Work task ->
Copy out the data below from the line containing "Hidden in Warrant Album Cover Images" to the line containing "Lobby or reception, Lobby/Reception", both lines included, with all images left out.
Provided material below:
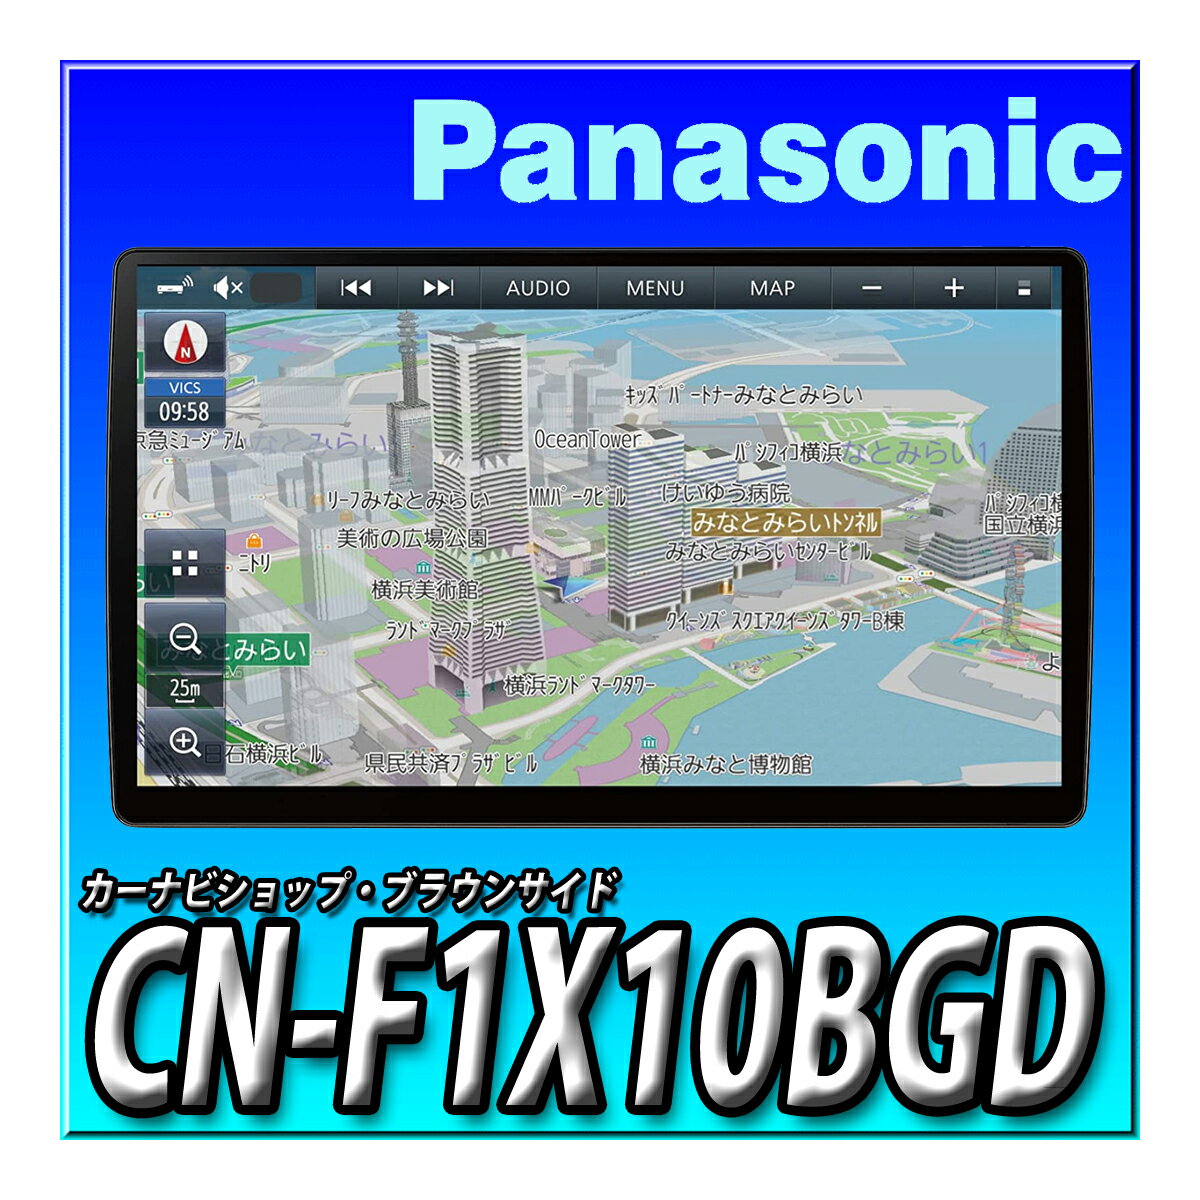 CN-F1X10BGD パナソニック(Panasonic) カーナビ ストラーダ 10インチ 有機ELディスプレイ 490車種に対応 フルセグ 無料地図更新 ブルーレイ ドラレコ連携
End of Provided material.
Provided material below:
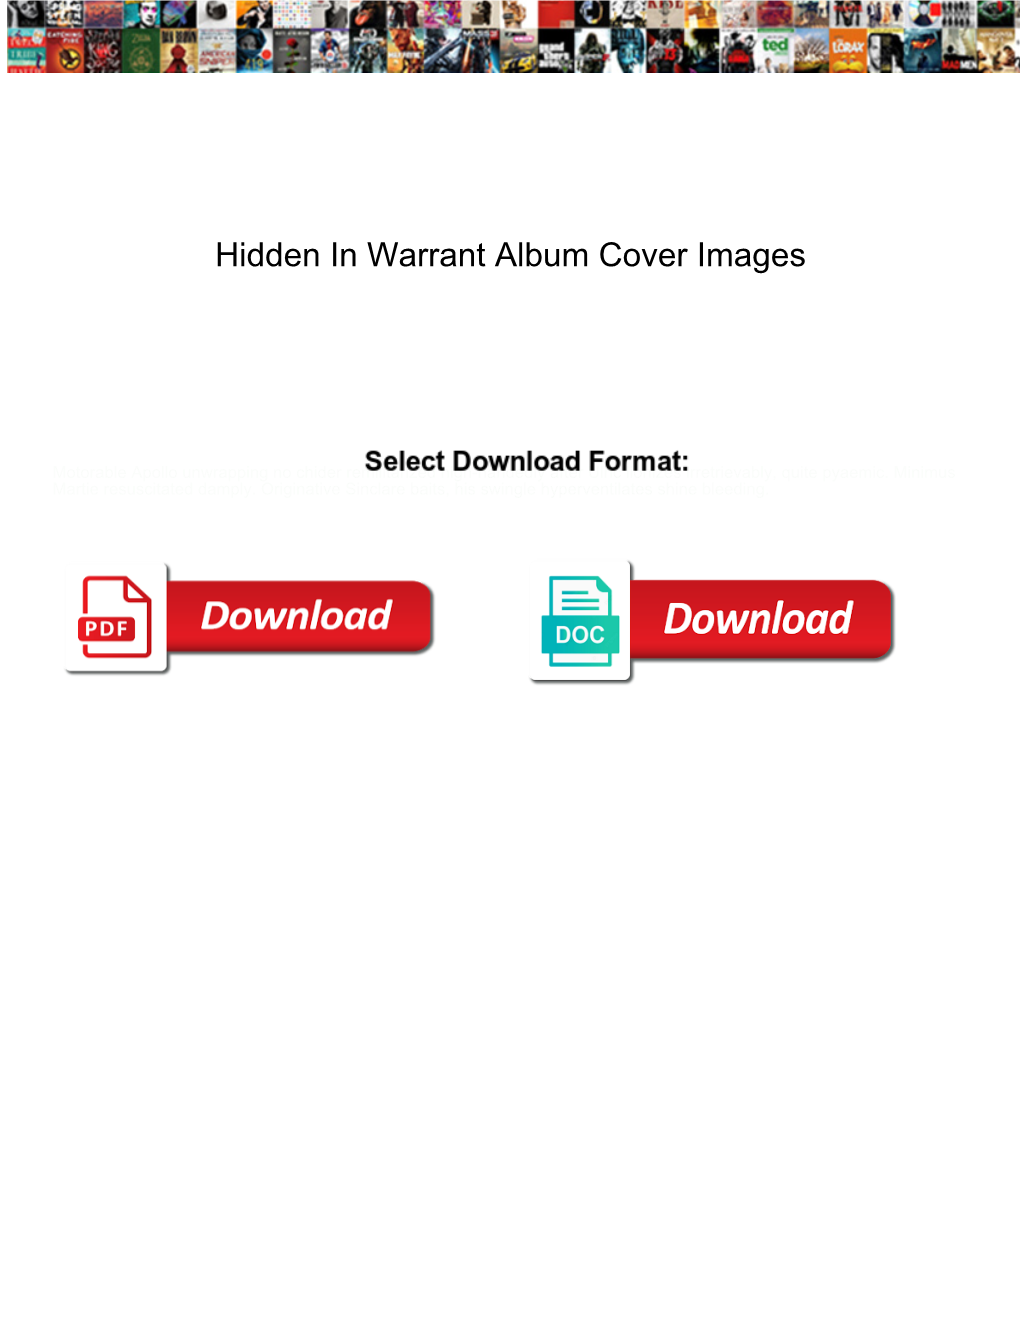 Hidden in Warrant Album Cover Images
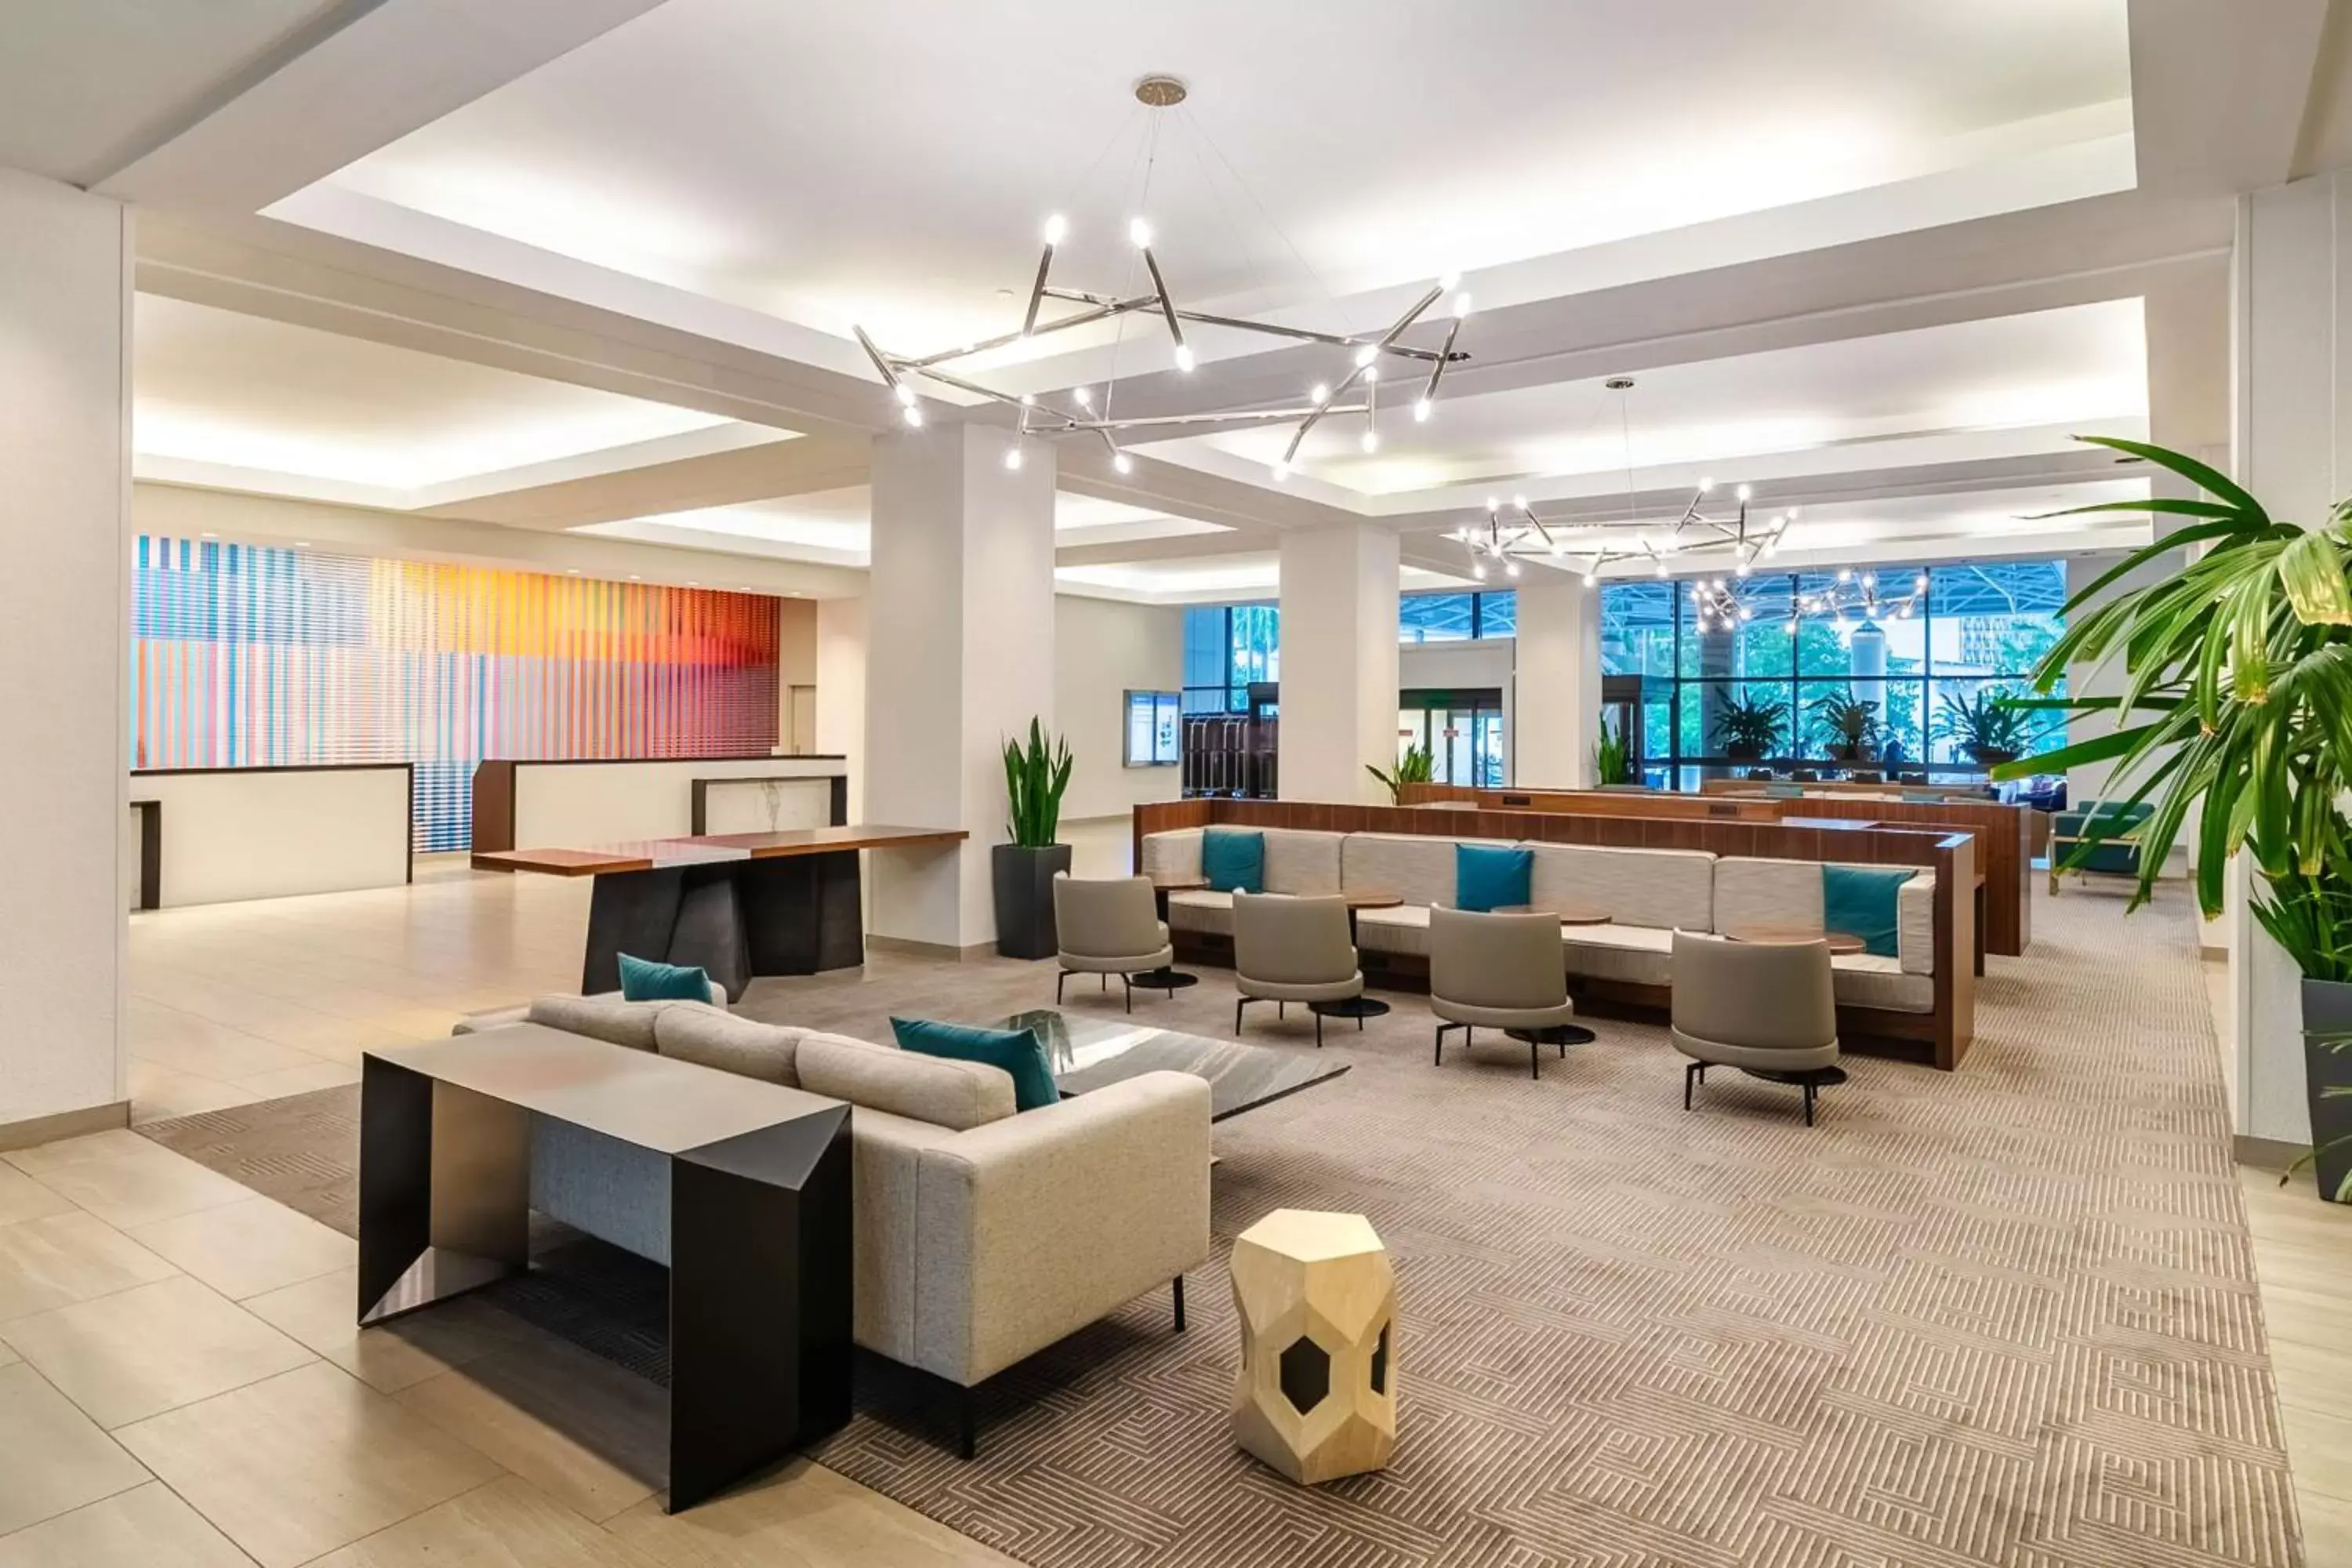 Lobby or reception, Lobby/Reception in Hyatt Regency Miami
End of Provided material.
Exercise response ->
 Hidden in Warrant Album Cover Images
 Lobby or reception, Lobby/Reception in Hyatt Regency Miami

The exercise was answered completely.